One of the things I created to help Christians follow Jesus well is called the SPIRES Plan. It’s an adaptation of the Rule of Life, crafted to help people intentionally and holistically create space in their lives for God and cultivate awareness of God already at work in their lives. SPIRES is just an acronym for Spiritual, Physical, Intellectual, Relational, Emotional, and Serving, trying to name some of the areas in our lives.

There are two parts to the SPIRES Plan. Part One involves looking back, taking stock of the condition of your life so that you can be more aware of where God might be asking you to make changes or go deeper. 

  • After spending a moment in prayer, asking God to show you where you’re at right now, rate your health (from 1-10) in each of the SPIRES areas over the last period of time; you can think about it over the last year or last quarter, for example. This is a calibration exercise not a condemnation exercise, so acknowledge where scores may be lower than you would like but recognize that it’s what you do about it (and how you seek to grow) that counts.

  • Next, consider the factors that contributed to that rating — the things that nourished you in that area or the things that drained you.
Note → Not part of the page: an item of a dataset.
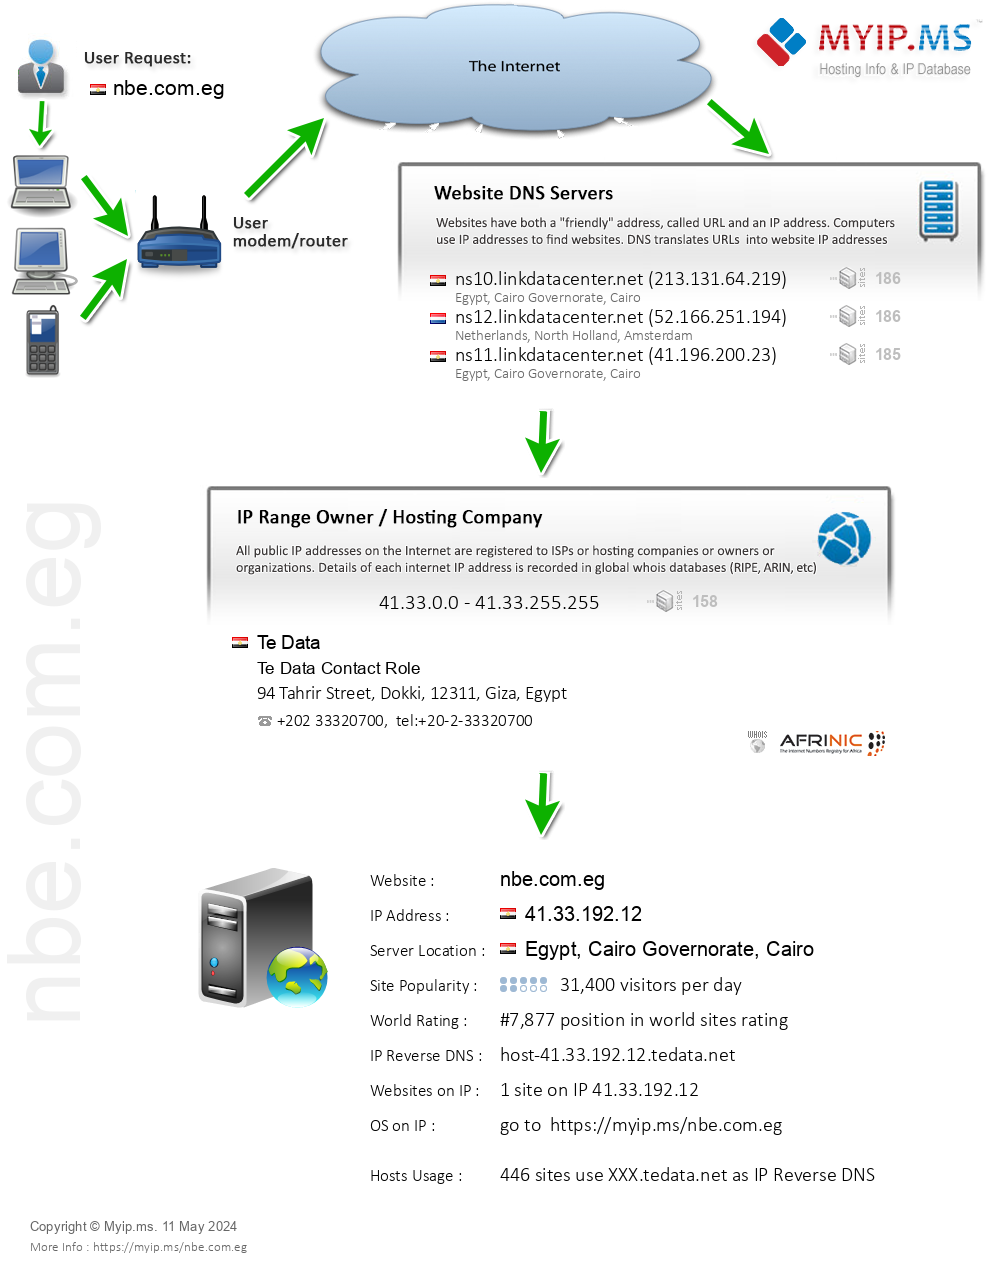 Nbe.com.eg - Website Hosting Visual IP Diagram

We do this so that we might pinpoint whether, for example, something is a trend or a habit that needs to be arrested or continued, or a freak incident, or something over which you have no control.

  • After completing Part One, take a moment to thank God for his faithfulness and his grace, which covers everything you’ve ever done and ever will do.
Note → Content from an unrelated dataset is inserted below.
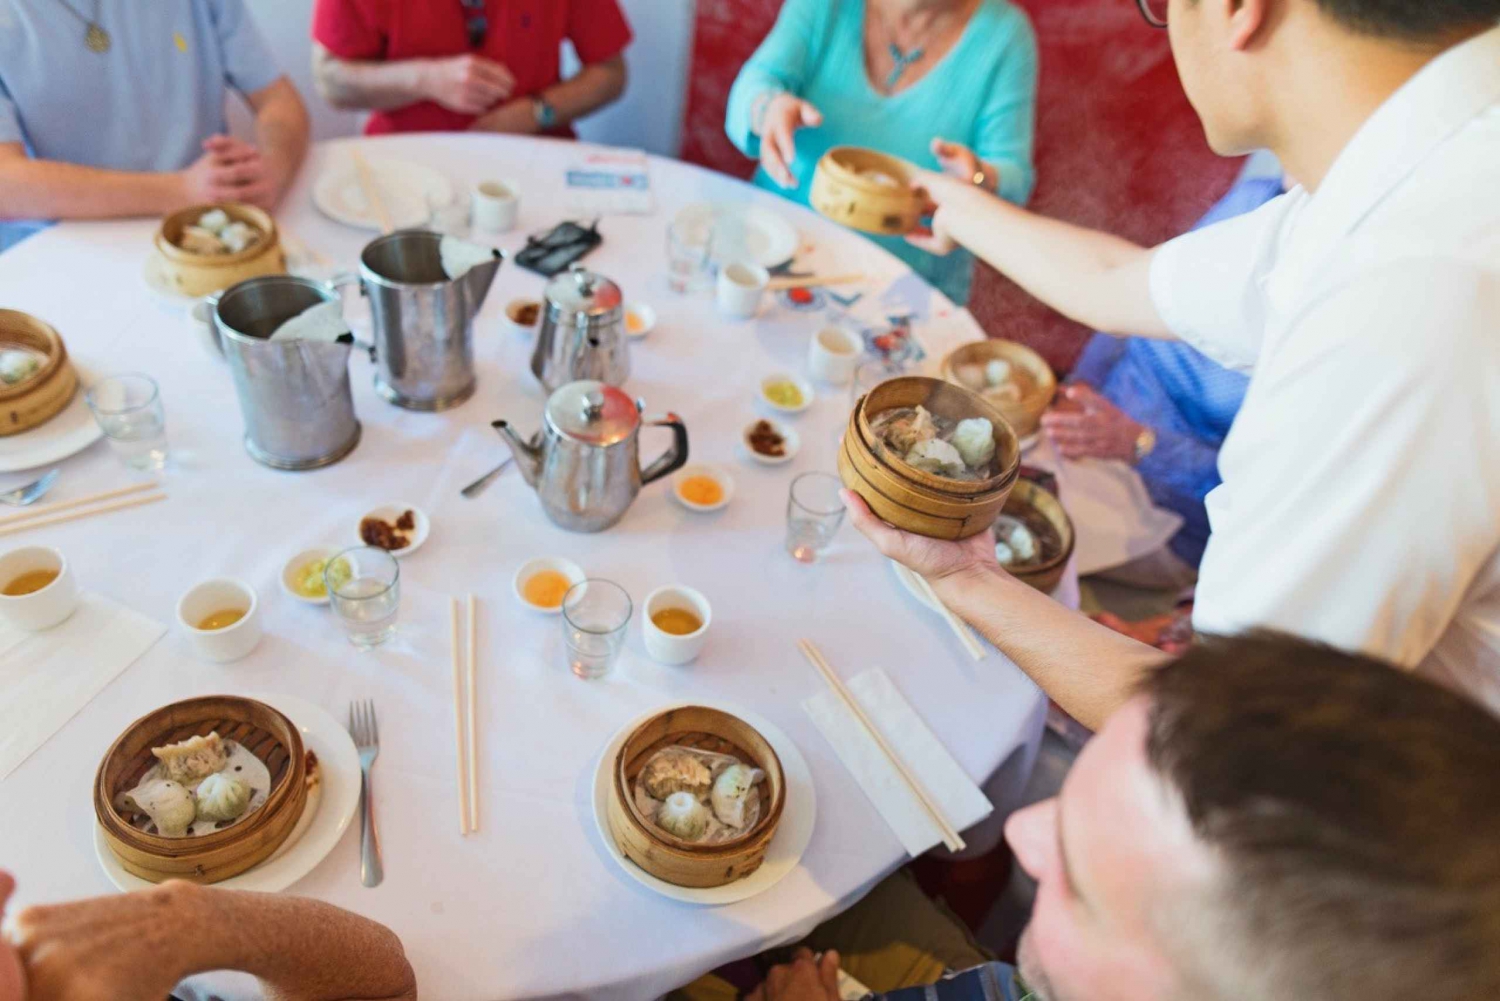 Gourmet Flavors of Chinatownin ruoka- ja kulttuurikävelyretki

Part Two is about looking forward, putting into place structures on which to hang your soul-training practices. This may contain several goals for growth as well as concrete steps toward them.

  • Again, before you begin, ask God to show you what he wants you to see.
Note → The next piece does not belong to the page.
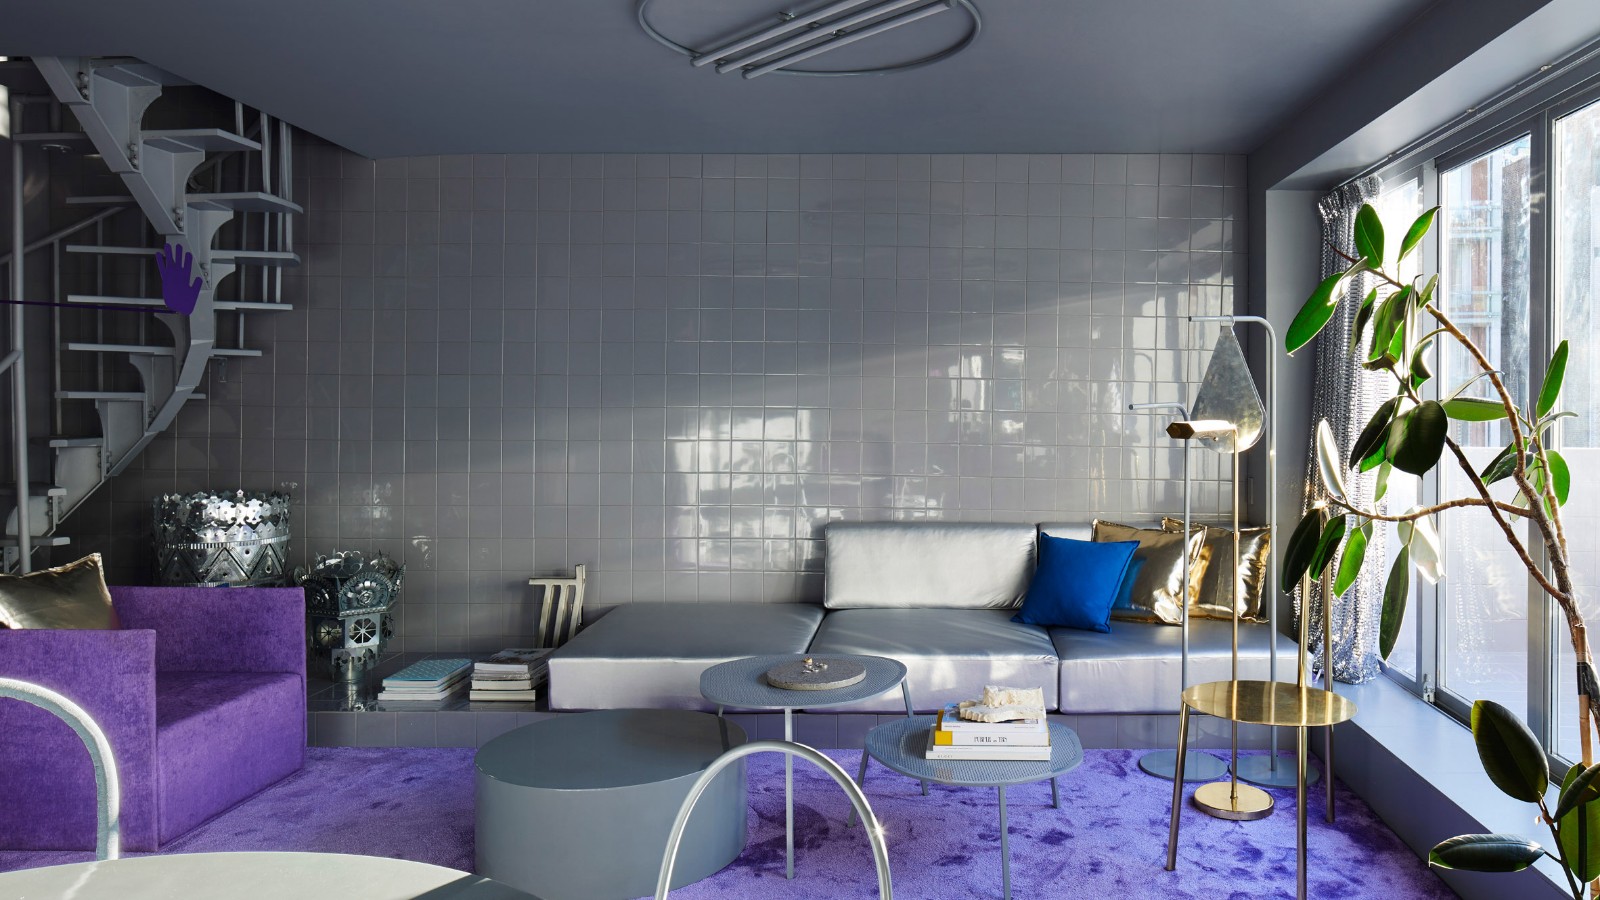 设计师自宅翻新设计——紫罗兰色的精致简约 | Crosby Studios-建E网设计案例

  • It can be helpful to think through this in terms of daily, weekly, monthly, quarterly, and even yearly rhythms. Here are some examples to get you started, rolling in a few of the practices we’ve learned over the last few weeks.

  • Daily rhythms might include:

    • beginning your day with (at least) five minutes of silent reflection and listening every day to regularly make space for God to speak;

    • reading something from the Bible, either inductively or using lectio divina (perhaps even alternating by the day);

    • ending your day with a time of examen prayer.

  • Weekly rhythms might include:

    • setting aside one day a week as a sabbath, a day when you intentionally reconnect with God (in whatever ways that best happens for you);

    • working out a few times a week in order to maintain your physical health — your body is, after all, “a temple of the Holy Spirit”;

    • limiting the amount of time you watch Netflix or TV;

    • volunteering one evening a week to serve at an organization in your neighborhood.

  • Monthly rhythms might include:

    • scheduling a half-day of prayer, to have some extended time with God;

    • investing in important friendships by putting dinners on the calendar;

    • checking over your budget and making sure your finances are in order.


Remember, habits can take a while to cultivate, and when we first start, they can be a struggle. But this is one of the reasons why community is so important — we can encourage one another and hold each other accountable on the journey of living like Jesus.


  • Head: What habits do you think would be helpful for you to pick up in order to help your spiritual growth?

  • Heart: Are there any things you’d like to cut out of your life, or decrease?

  • Hands: Spend time working through the SPIRES Plan and share something you’re committing to with at least one person.


Ask God if there are rhythms of life he’d like you to put in place.

SPIRES stands for Spiritual, Physical, Intellectual, Relational, Emotional, and Serving.